During the year under review, the Board met Nine (9) times on 20th April, 2023, 22nd May, 2023, 10th
August, 2023, 28th August, 2023, 08th November, 2023, 08th January, 2024, 08th February, 2024, 26th
March, 2024 and 30th March, 2024. In accordance with the provisions of the Companies Act, 2013
and rules made thereunder. There have not been any instances during the year when
recommendations of the Audit Committee were not accepted by the Board.
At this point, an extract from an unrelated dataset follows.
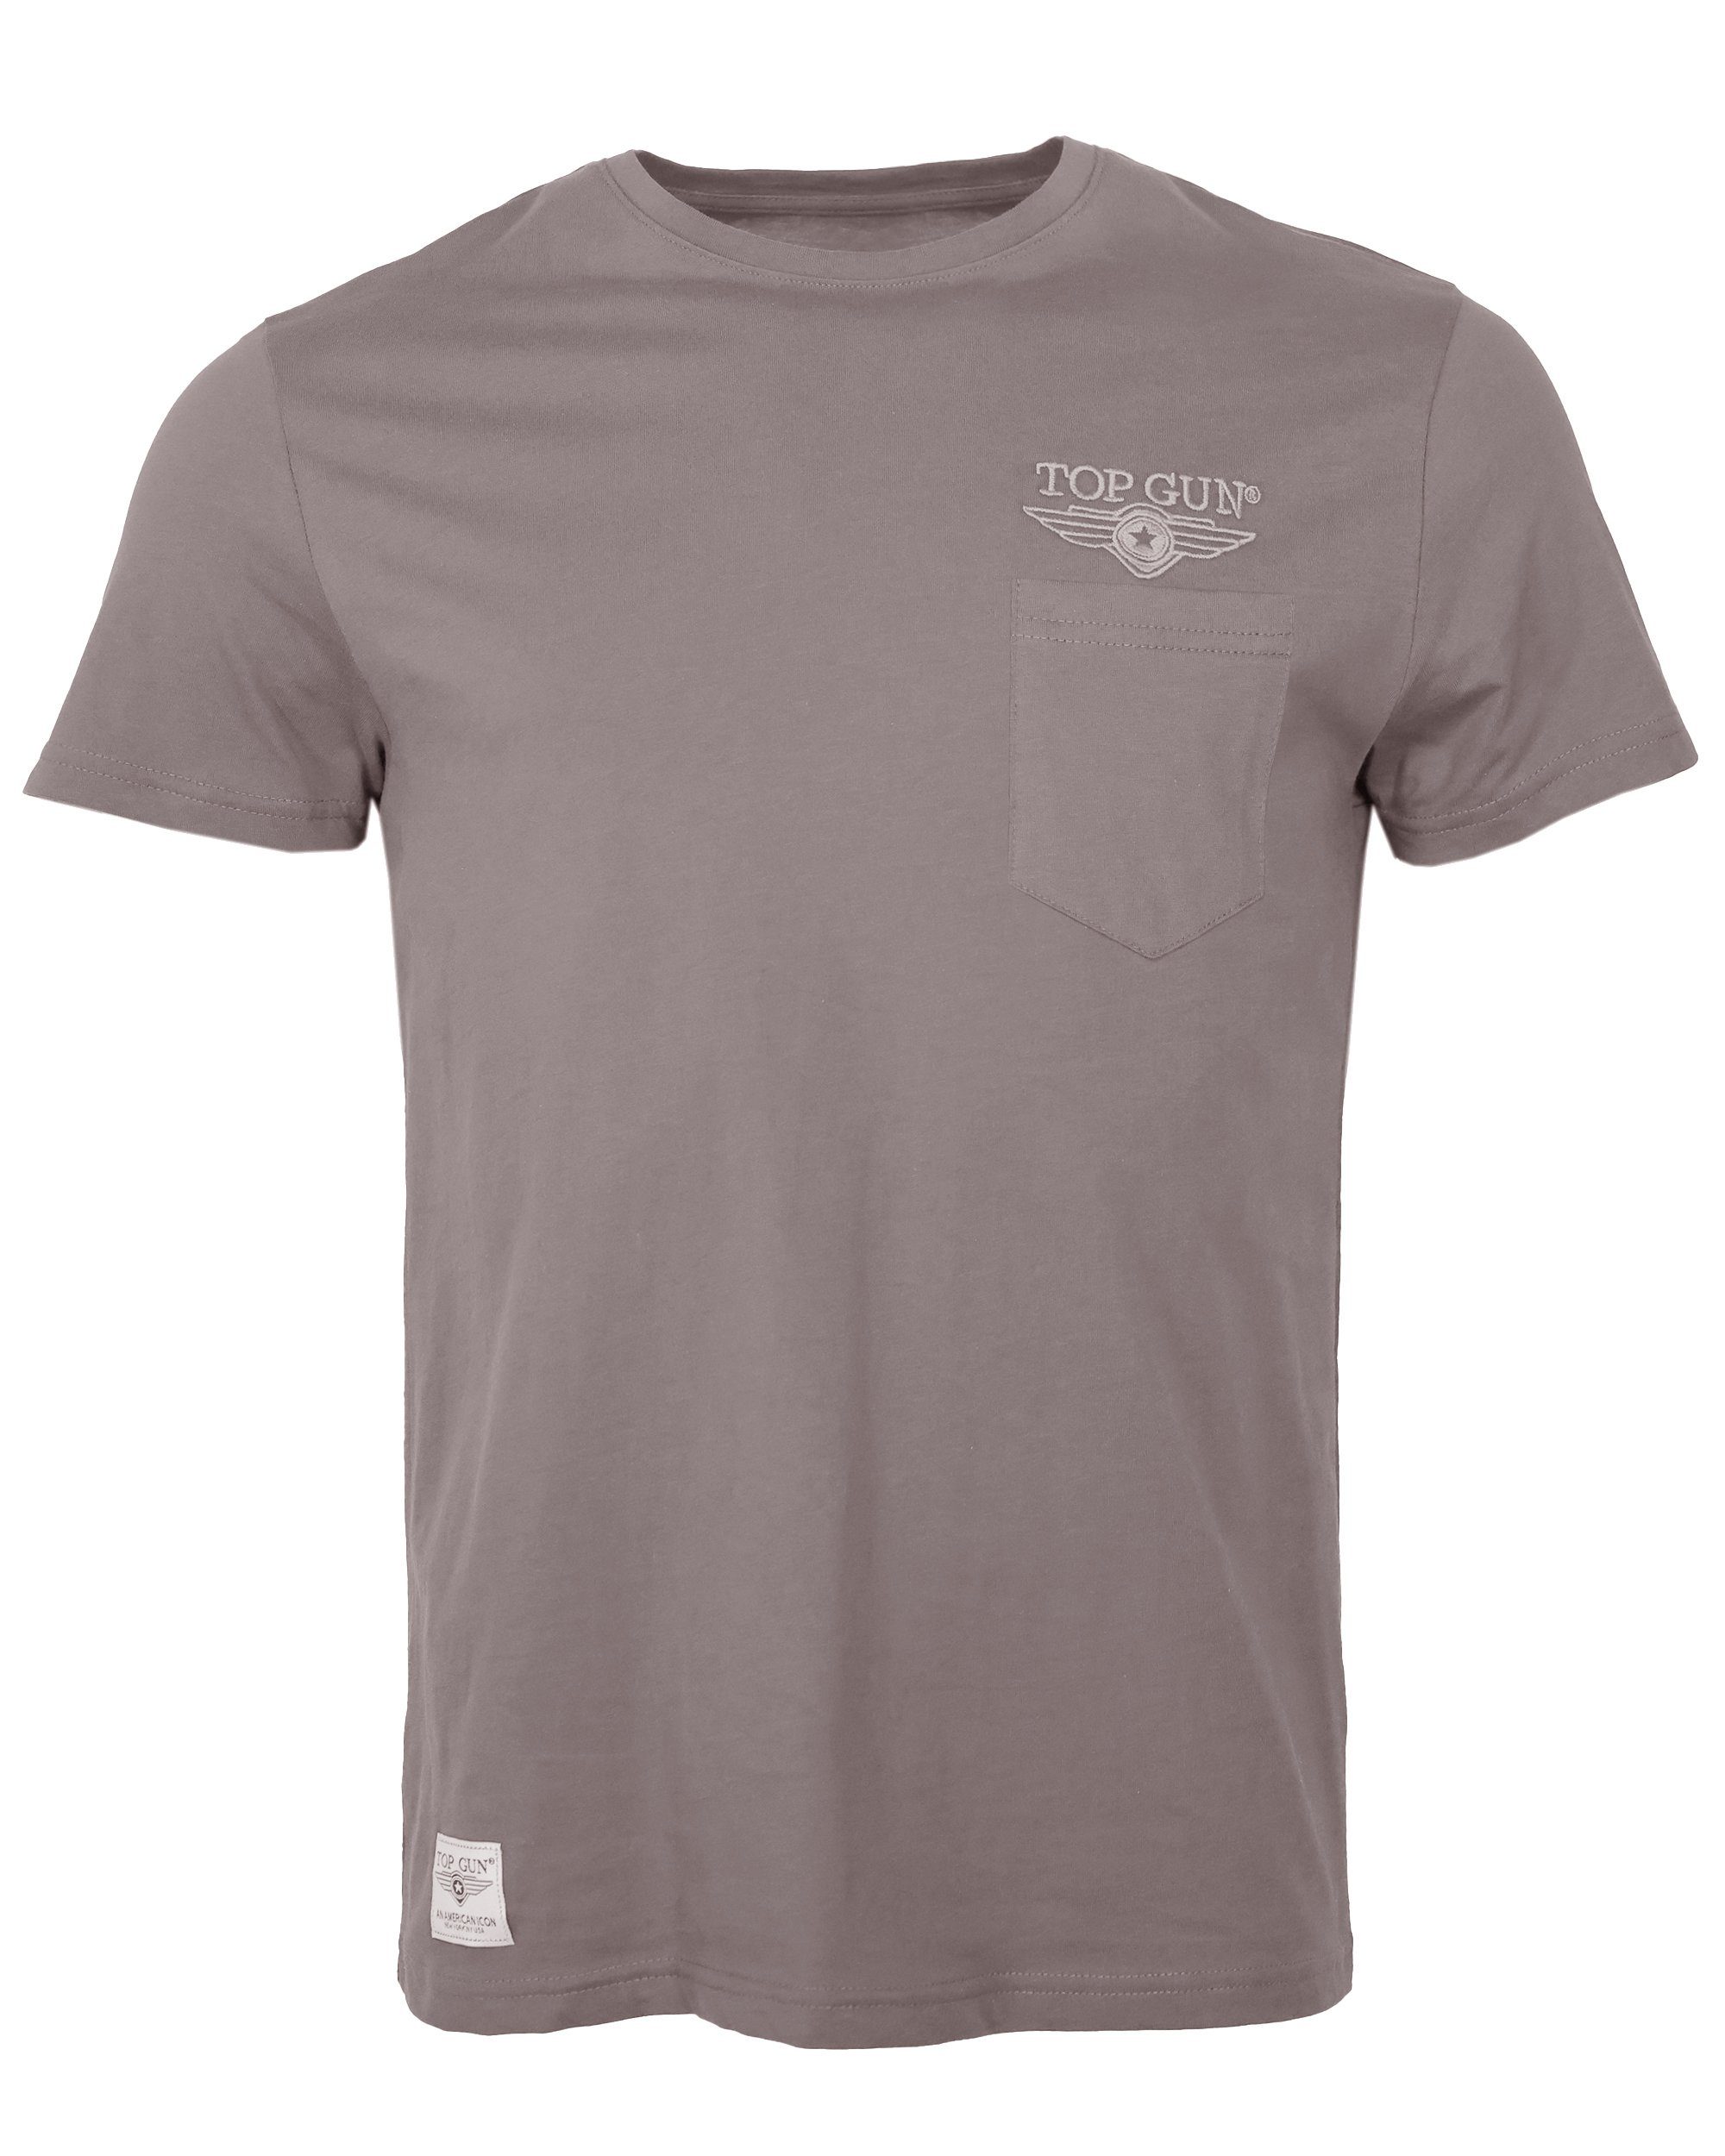 TOP GUN T-Shirt TG20213037 grey

19. DIRECTORS'' RESPONSIBILITY STATEMENT:

Based on the framework of internal financial controls and compliance systems established and
maintained by the Company, work performed by the internal, statutory and secretarial auditors
including audit of internal financial controls over financial reporting by the statutory auditors and the
reviews performed by Management and the relevant Board Committees, including the Audit
Committee, the Board is of the opinion that the Company''s internal financial controls were adequate
and effective during the financial year 2023-24.

Accordingly, pursuant to Section 134(3)(c) and 134(5) of the Companies Act, 2013, the Board of
Directors, to the best of their knowledge and ability, confirm that-

i. in the preparation of the annual accounts, the applicable accounting standards have been followed
and that there are no material departures;

ii. they have selected such accounting policies and applied them consistently and made judgments
and estimates that were reasonable and prudent so as to give a true and fair view of the state of
affairs of the Company at the end of financial year and of the loss of the Company for the year;

iii. they have taken proper and sufficient care for the maintenance of adequate accounting records in
accordance with the provisions of the Act, for safeguarding the assets of the Company and for
preventing and detecting fraud and other irregularities;

iv. they have prepared the annual accounts on a going concern basis;

v. they have laid down internal financial controls to be followed by the Company and that such
internal financial controls are adequate and are operating effectively;

vi. they have devised proper systems to ensure compliance with the provisions of all applicable laws
and that such systems are adequate and operating effectively

20. CORPORATE GOVERNANCE:

Pursuant to Regulation 27 of SEBI (Listing Obligation and Disclosure Requirements) Regulation, 2015
a Report on Corporate Governance Report is not applicable to the Company as it does not fall under
the criteria of Paidup Share Capital of Rs. 10 Crore and Turnover of Rs. 25 Crores.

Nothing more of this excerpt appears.